We would set .avi files to all open in VLC, and be confused when some opened in quicktime.
This is a bugfix.
It actually works just fine (Score:3, Insightful)
I think the complaint is that apps in 10.6 are not flagging their own documents to open with themselves. It should be easy to patch this in for any app that is currently being supported, but I suspect most won't care, because it's just not a huge deal.
Re:We Know Best (Score:4, Insightful)
If, for instance, you prefer one graphics program for editing
Sort of a niche thing; but sounds like the people who relied on that class of configurations are out of luck.
Re:Not the UNIX way (Score:3, Insightful)
but still not by the under-the-hood UN*X running any of them; to UN*X, it's just an indiscriminate part of the filename
Let's be clear - under-the-hood, *nix does not have any standardized way of tracking file types. Unlike MacOS/OSX, there's no type metadata stored with the file.
However, there are many *nix applications which use file extensions. Apache, for example, uses extensions to map to MIME types. Is this because the authors of Apache were enamored with CP/M? Or because there's no other practical way to handle it in standard unix?
Re:Problem? (Score:1, Insightful)
The problem is for those of us that didn't know that creator codes exist.
We would set .avi files to all open in VLC, and be confused when some opened in quicktime.
This is a bugfix.
So let me get this straight.
1.You set the default AVI app to VLC.
2. You deliberately chose some AVI files, went into File Properties ("Get Info"), and individually set those to open with QuickTime instead.
3. You were confused when those specific AVI files actually opened with QuickTime?
Fine, whatever. Some people aren't going to get it. But the system should not be designed around such people.
Re:Not the UNIX way (Score:3, Insightful)
Matlab and octave use .m files for scripting. Objective C class files also use .m. It's annoying when xcode opens up matlab files, but an editor suitable for working with matlab files is suboptimal for Objective C files. Yes, I know emacs supports objective C, but xcode is easier to work with.
Re:File Association Hijacking (Score:3, Insightful)
It prevented the common Windows practice of "hijacking" another application's file extensions.

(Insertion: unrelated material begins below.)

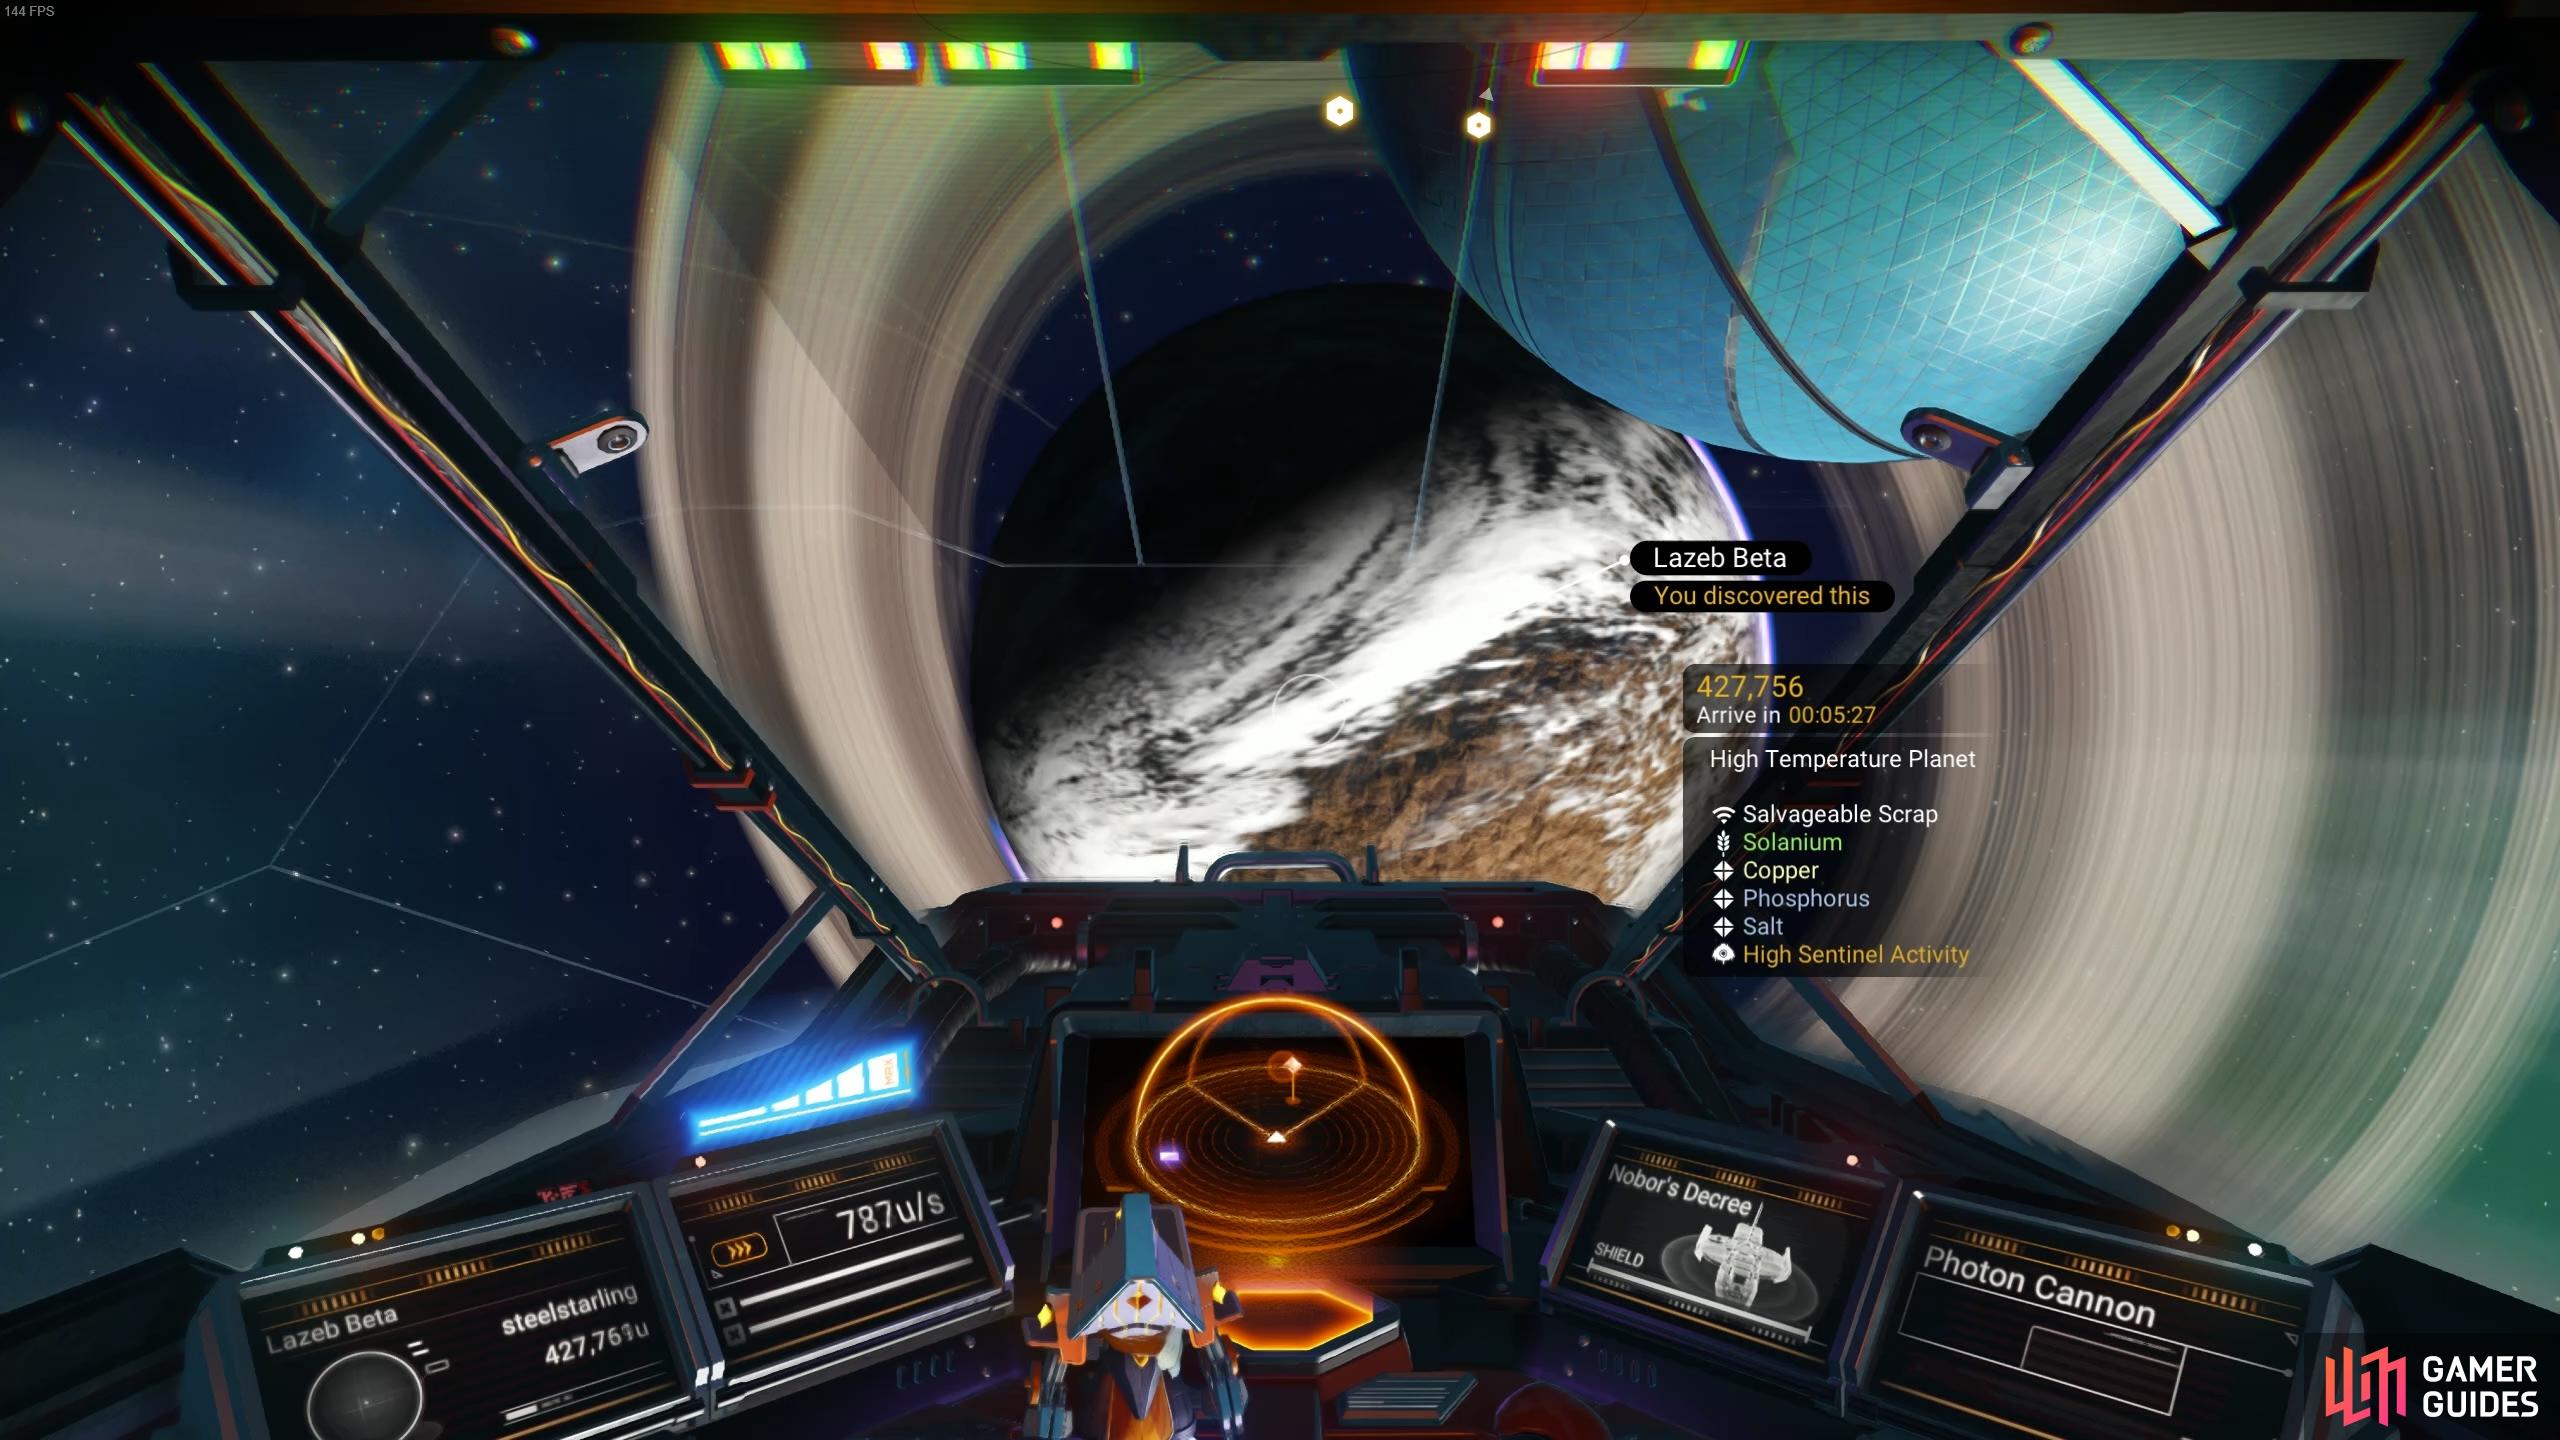 You can scan a planet from your starship to check whether it has Phosphorus present.

That's a feature, not a bug. If I install a new app, I want it to open such-and-such file types. The only problem is apps that silently re-associate themselves with all their file types when they open, and anyone who writes such an application should be flogged and rubbed with salt IMHO.
Having your file types stolen by another application should be responded to with a warning popup specifying the file type(s), the apps with which they're now associated, and giving the following options: (1) Reassociate the types. (2) Don't reassociate, and stop checking these file types. Yes, popups are annoying as hell, but if two apps are fighting over the file type you'll only see the warning twice: once from each app. Consider it part of the installation process.
God, what a mess. You're seriously advocating this behavior? Do you work for RealNetworks?
When I install an app, if and when I want it to open such-and-such file types, I will make that change myself.
Re:Problem? (Score:5, Insightful)
No, they were opening in QuickTime just because they were originally saved by QuickTime.
No one ever did Get Info.
It sounds like this previous behavior seems odd to you (since you misunderstood what happened), which supports the perspective that for most users, the behavior was odd and the change amounts to a bug fix.
Re:Problem? (Score:3, Insightful)
Re:Problem? (Score:2, Insightful)
Re:Problem? (Score:3, Insightful)
Apparently, that's also why Word, Wordstar, WordPerfect, DisplayWrite and Framemaker all have used the .doc extension for their proprietary file formats.
Re:Problem? (Score:2, Insightful)
You mean you set the "Open with..." in the Get Info window? That still works, the article says so.
The real problem is that everyone needs five media players on their computers just for handling bad videos, but they all have the same extension. Quicktime, VLC, mplayer, niceplayer, etc, etc, etc. It's a shame that the "vague short extension" mechanism of identifying files has won, especially now we have container files with variant contents.